Aetna also offers a discount card that provides savings of 15% to 50% off the cost of many dental services.
To join an Aetna Medicare Advantage plan, people must qualify for enrollment in Original Medicare.
Generally, U.S. citizens or permanent legal residents meet the requirements for Original Medicare when they reach the age of 65 years old. A person may also qualify if they are under 65 years of age and, for the last 2 years, have received Social Security disability benefits or a disability pension from the Railroad Retirement Board.
If someone has end stage renal disease (ESRD) or amyotrophic lateral sclerosis (ALS), they may also qualify for enrollment, although they may need to select an SNP. These plans cater specifically to people with certain health conditions.
There are various enrollment periods during which people can join, change, or cancel their Medicare plans, including Advantage plans.

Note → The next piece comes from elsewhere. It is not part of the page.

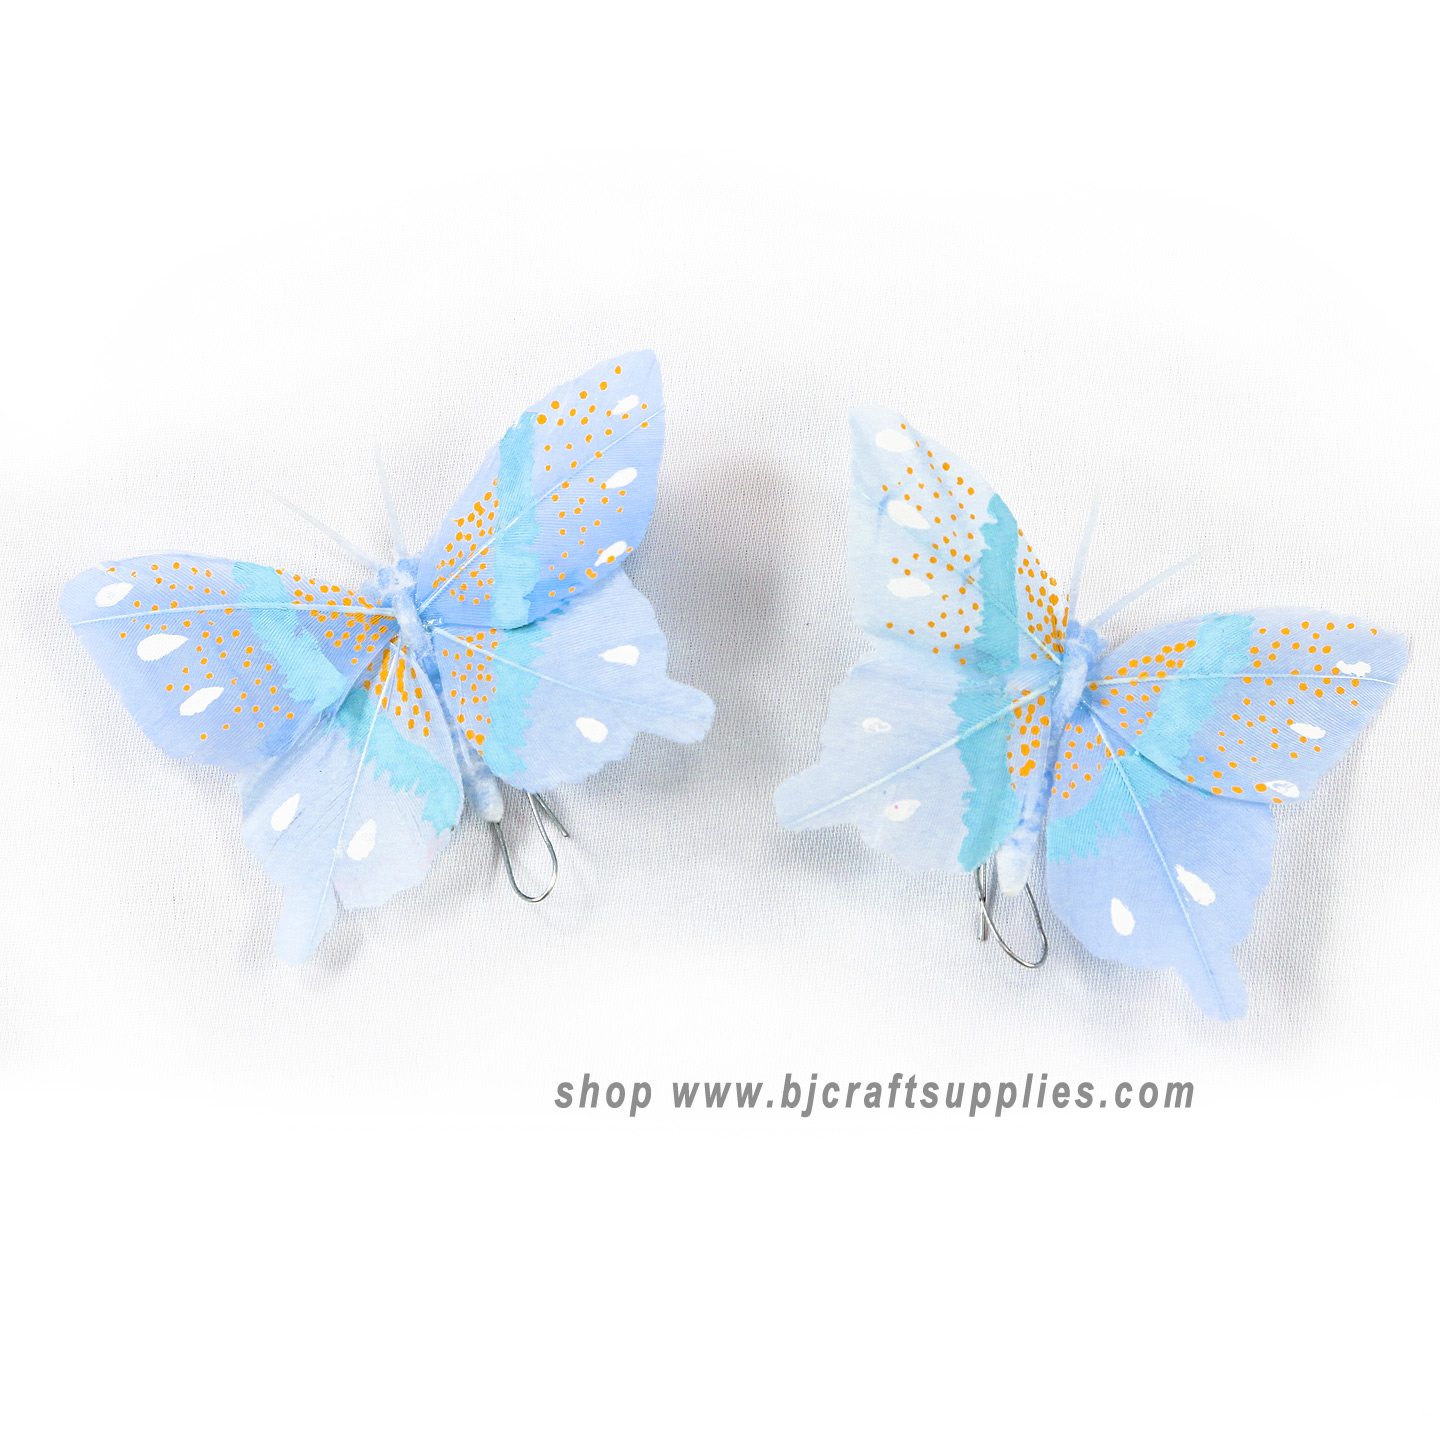 Decorative Butterflies - Artificial Butterflies - Butterflies for Crafts - Fake Butterflies
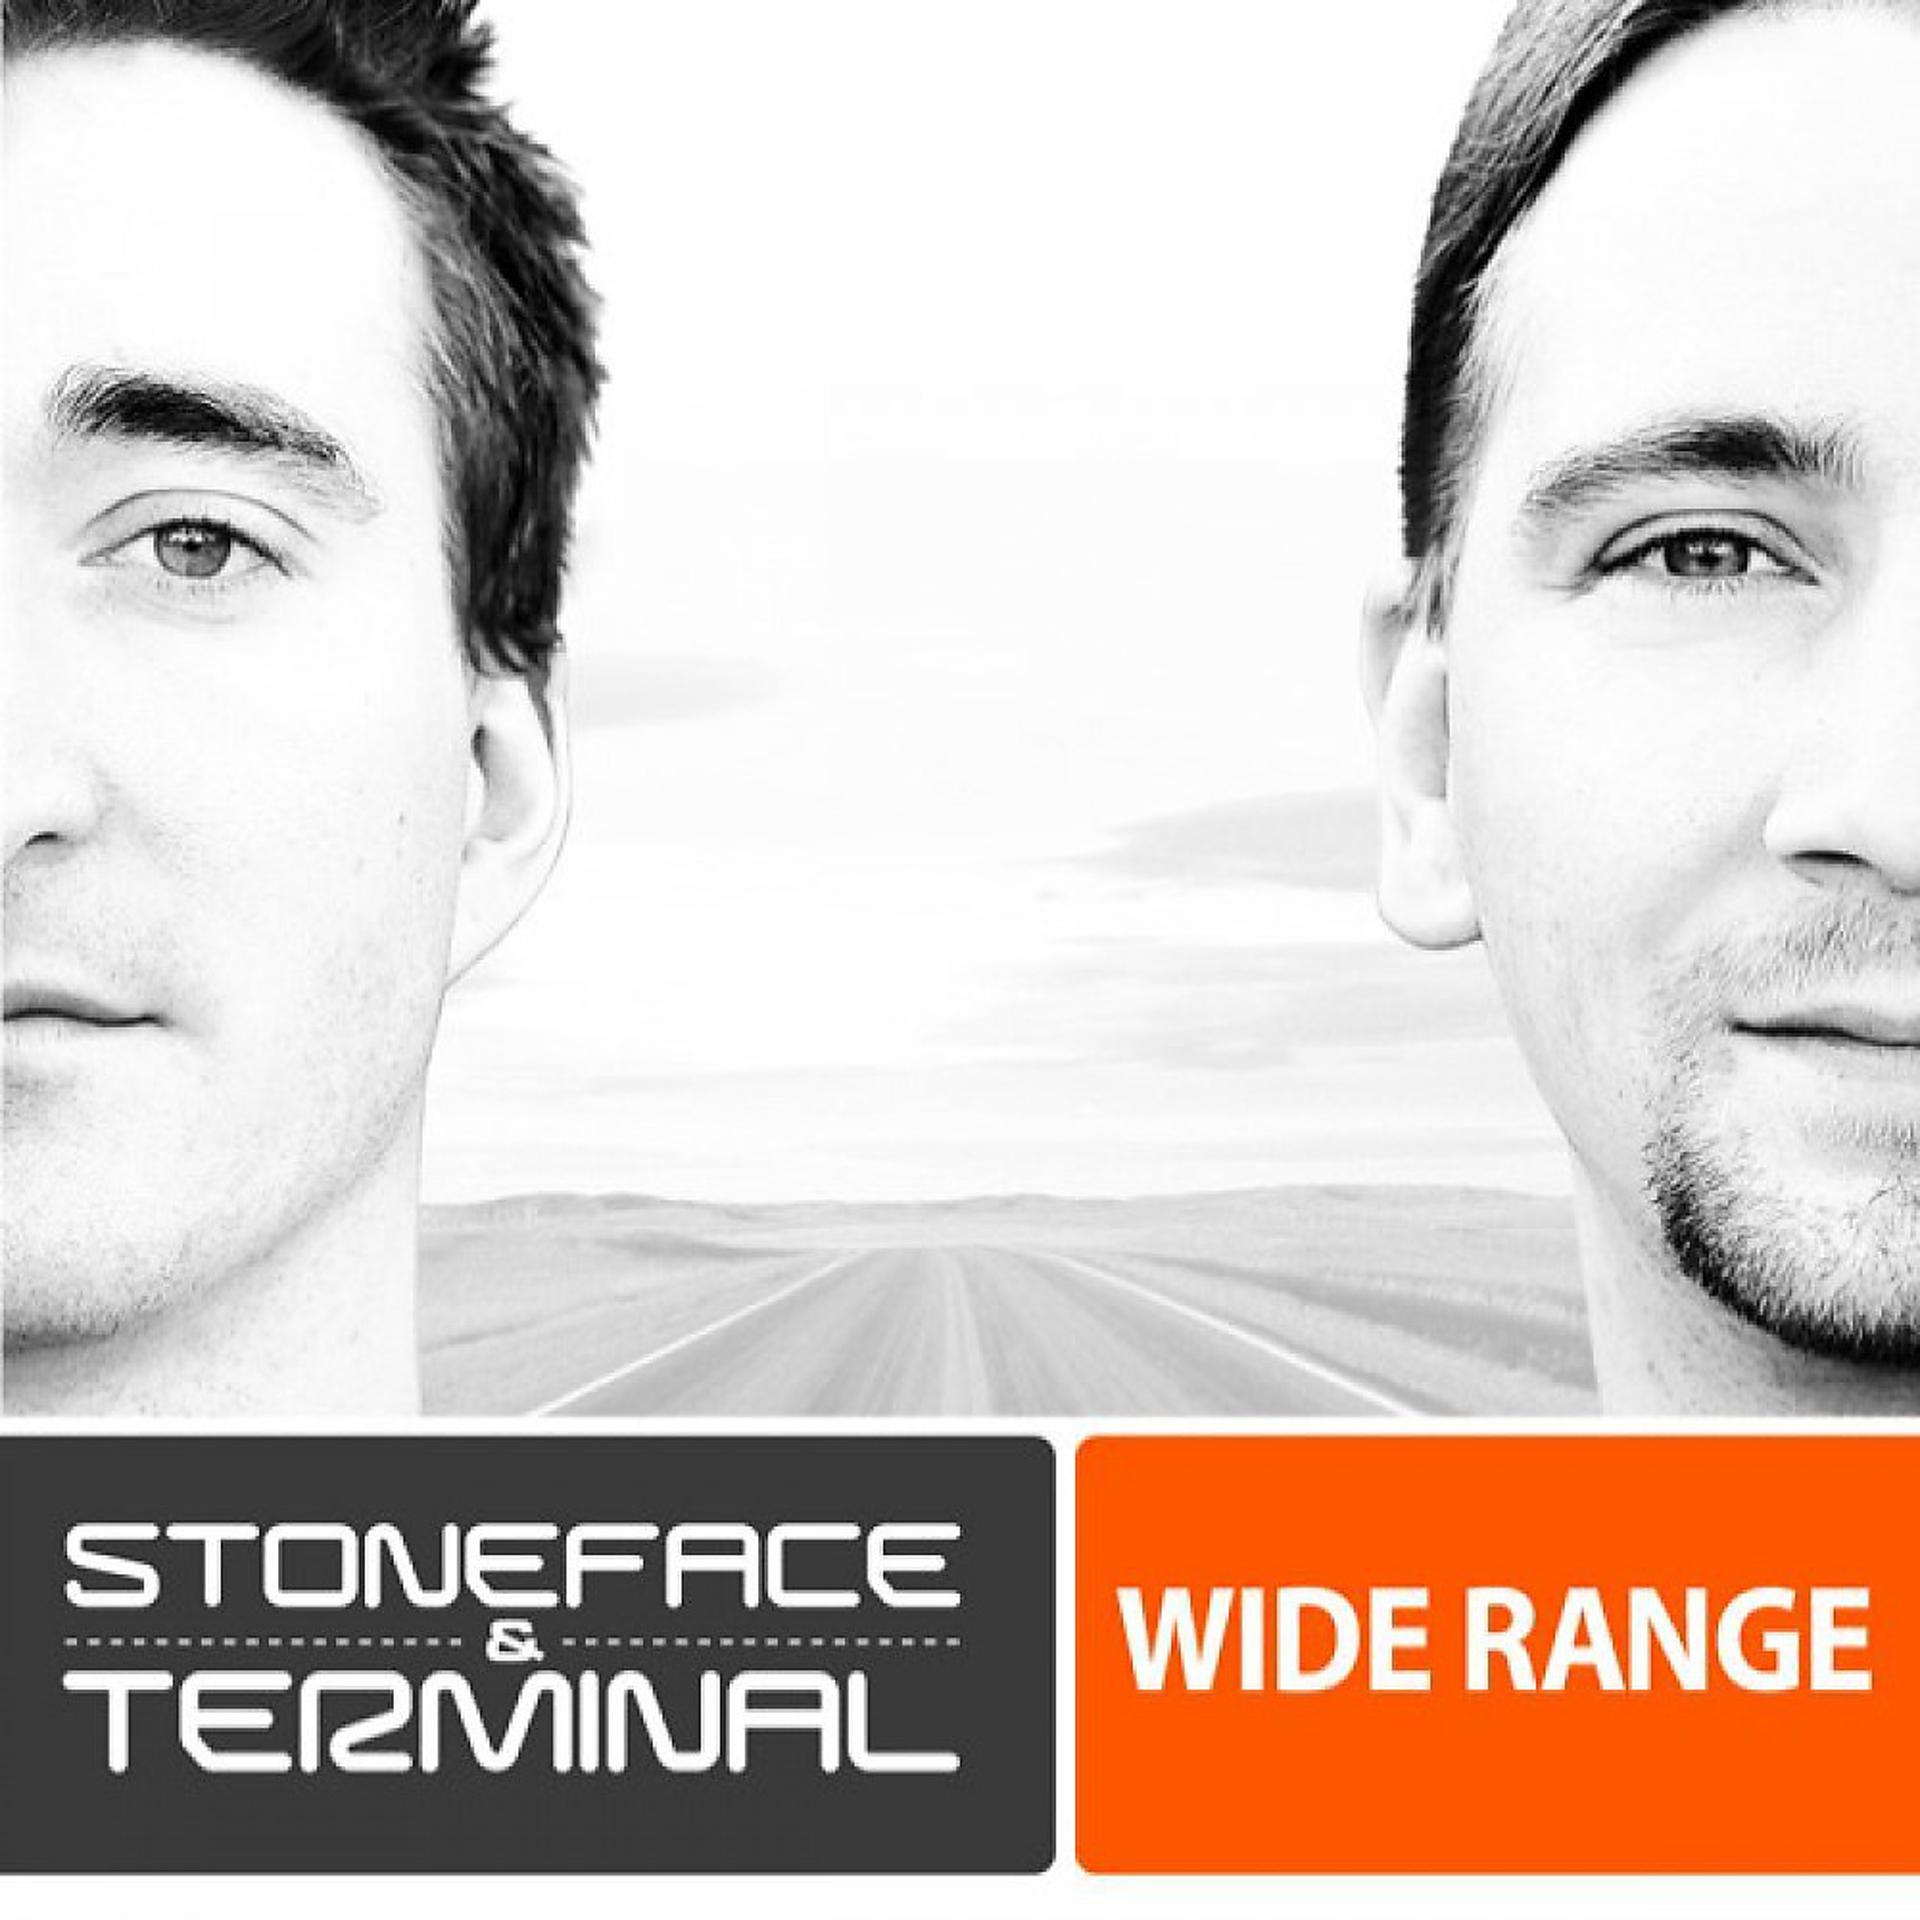 Stoneface terminal. Wide Stoneface. Stoneface & Terminal - Venus. Stoneface Terminal wonderful.

Learn more about the Medicare Advantage enrollment periods.
Medicare resources
For more resources to help guide you through the complex world of medical insurance, visit our Medicare hub.
Aetna Medicare Advantage plans provide benefits that Original Medicare does not. These typically include some level of dental coverage, including twice-yearly oral health exams, teeth cleaning, and X-rays, if necessary.
The level of dental coverage and the associated costs vary among Aetna plans.